Because Democratic presidential candidate Hillary Clinton won the New York primary on Tuesday, it seems that her nomination at the Democratic National Convention against Vermont Sen. Bernie Sanders during the week of July 25 is all but guaranteed. She's on track now to become the first female president of the United States. Although I'm sure she took a minute or two to celebrate her victory in New York, Clinton is already onto the next step: discussing potential running mates. On Wednesday, her campaign chairman, John Podesta, told The Boston Globe that Clinton will certainly consider women, creating the potential for a historic and unprecedented all-female ticket. So, who will Clinton choose as her vice president if she wins the nomination?

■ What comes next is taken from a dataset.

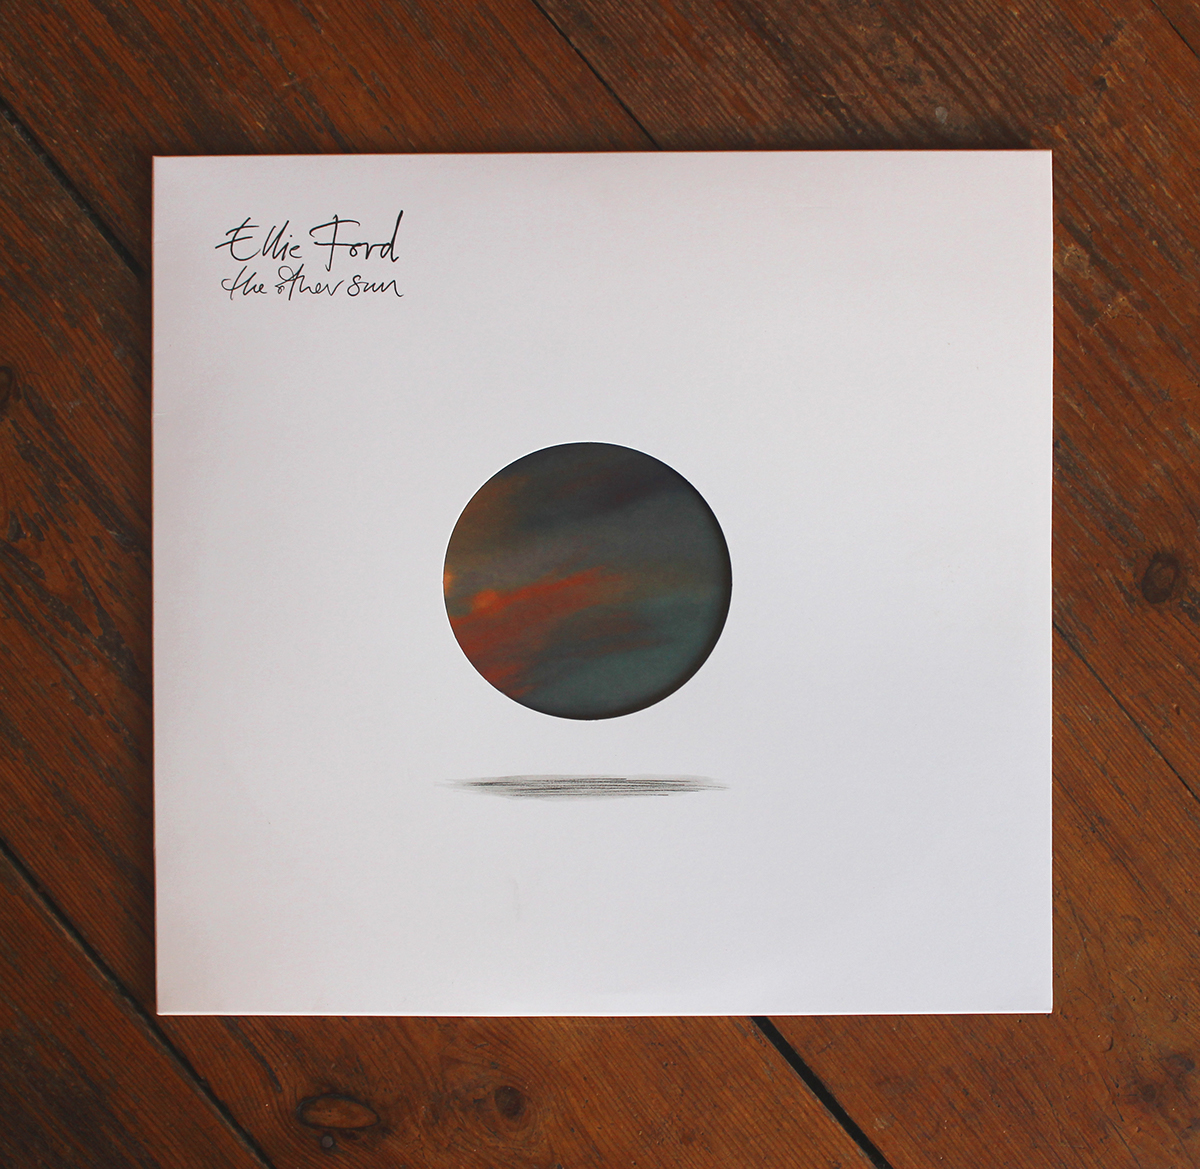 Owen Gent ILLUSTRATION  Ellie Ford The Other Sun album artwork vinyl

The Clinton campaign has not offered any names of possible shortlisters for what The Globe's Annie Linskey called the "Democratic veepstakes." But one senator does seem like a strong choice: Elizabeth Warren, a Massachusetts Democrat and the only female Democratic senator who has not formally endorsed Clinton.
Warren's politics lean more to the left than Clinton's do — just this week, the senator relentlessly attacked Republican candidate Ted Cruz in a series of tweets, in response to what she saw as a whiny campaign email — meaning that she could potentially help Clinton win back the progressives Sanders has wooed over this campaign cycle.
"Having Warren on the ticket could help Clinton stitch the party back together after a divisive primary," Linskey writes.
The Washington Post reports that there are only three Democratic women governors and 14 such senators, so the list of women who are likely VP candidates is relatively short. This dearth could theoretically work in Warren's favor, if she wants the job, but The Post characterized the freshman senator as "really not that tested." Also, if she were to leave her current position, the current governor of Massachusetts, a Republican, would get to choose Warren's replacement until a special election is held, which could take between 145 and 160 days.
"Hillary will be reluctant to do anything that could stop Democrats from re-taking the Senate and undermine her ability to push an ambitious agenda during her first 100 days," James Hohmann writes.
Importantly, it's not at all clear that Warren even supports Clinton or wants the job (although the tweetstorm directed at Ted Cruz suggests she does, as the VP traditionally takes on an "attack dog" role for their running mate).
Other potential female contenders could include Cecile Richards, the president of Planned Parenthood Action Fund, according to the Globe, or New York Sen. Kirsten Gillibrand, although a "constitutional muddle" could pose challenges when it comes to having two people from the same state on the ticket. Michigan Gov. Jennifer Granholm doesn't meet the "natural born citizen" standard because she was born in Canada.
Clinton has until summertime to announce her pick, and her choice could be contingent on what ends up happening with the Republicans. A contested convention between Cruz and rival Donald Trump is seeming more and more like a likely outcome, and the Clinton camp may not know whom she'll duke it out with until days before the DNC in Philadelphia if that happens. And qualities she may covet in a running mate against Cruz probably will differ significantly from those she'd need to defeat Trump.
Regardless of who Clinton ultimately partners with if she wins the nomination — woman or man — the fact that we are even discussing the possibility to a two-woman ticket is exciting in and of itself. Clinton's first priority is to win, of course, and no matter what, she's making history in her quest to do so.